Otherwise a code solution, given the data size (small), pull all the data from the remove system into an internal structure, and then look for rows which don't exist locally to insert.
You probably can't do this, but if you can't, DON'T do it with a program. If you have any way of talking to someone who controls the source server, see if they will set up some sort of export of the data. If the data is as small as you say, then xml or csv output would be 100x better than writing something in c# (or any language).
So let's assume they can't export, still, avoid writing a program. You say you have more control over the destination. Can you set up an SSIS package, or setup a linked server? If so, you'll have a much easier time migrating the data.
If you set up at bare minimum the source as a linked server you could write a small t-sql batch to
TRUNCATE DestTable
INSERT INTO DestTable
SELECT SourceTable.Star FROM [SourceServer].[Schema].[Table]
wouldn't be as nice as SSIS (you have more visual of what's happening, but the t-sql above is pretty clear).

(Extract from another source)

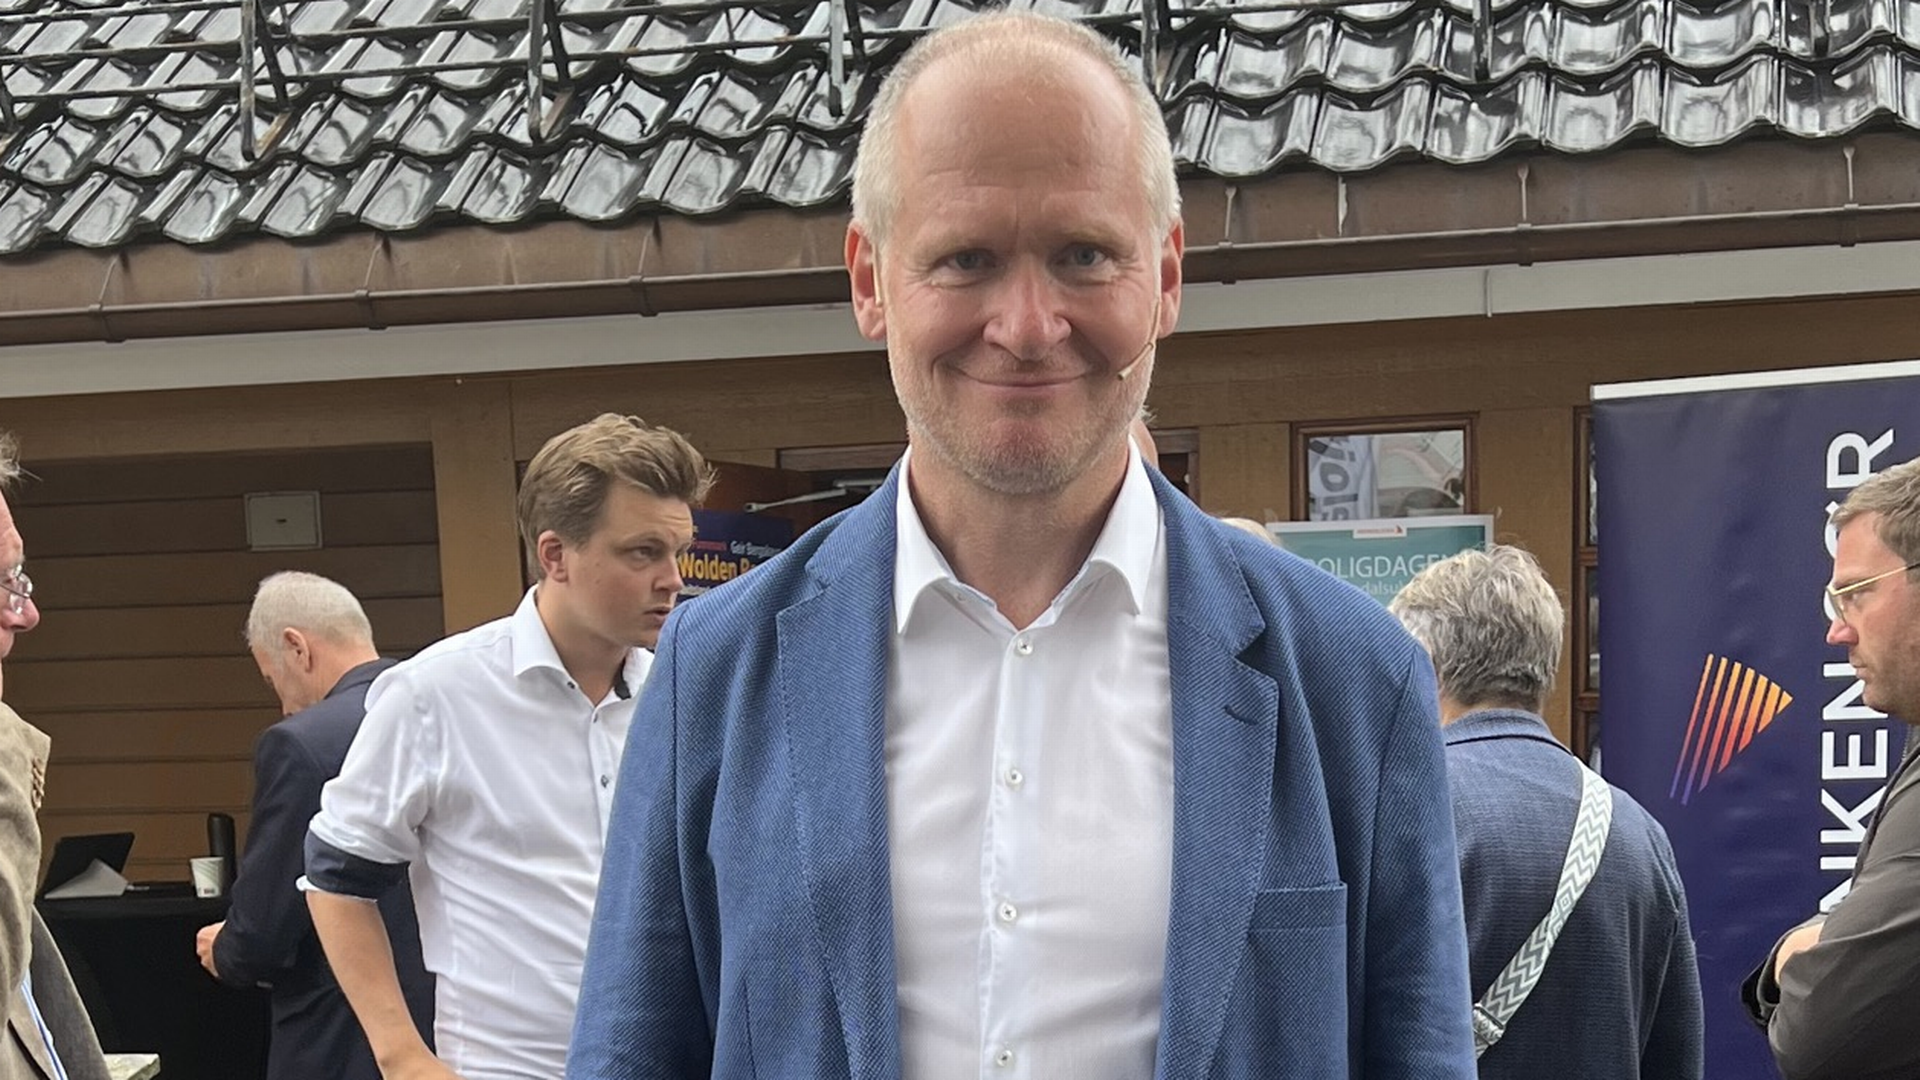 ARENDALSUKA: Henning Laurisen er med i flere paneler i Arendal. Tirsdag var han tilstede under Boligprodusentenes tallslipp. | Foto: Johannes Enli Kalleberg

Since I would not take the programming route, the best solution I could give you would be, if you absolutely had to:
Use SqlClient namespace.
So, create 2 SqlConnections, 2 SqlCommands, and get the instance of the 1 SqlReader.
Iterate through the source reader, and execute the destination SqlCommand insert for each iteration with the.
It'll be ugly, but it'll work.
Doesn’t seem to be huge quantity of data you have to synchronize. Under conditions you described (only SP to access the remote DB and no way to get anything else), you can go for Marc Gravell’s solution.
In the case the data can only grow and existing data can not be changed you can compare the record count on remote and internal DB in order to optimize operation; if no change in remote DB no need to copy.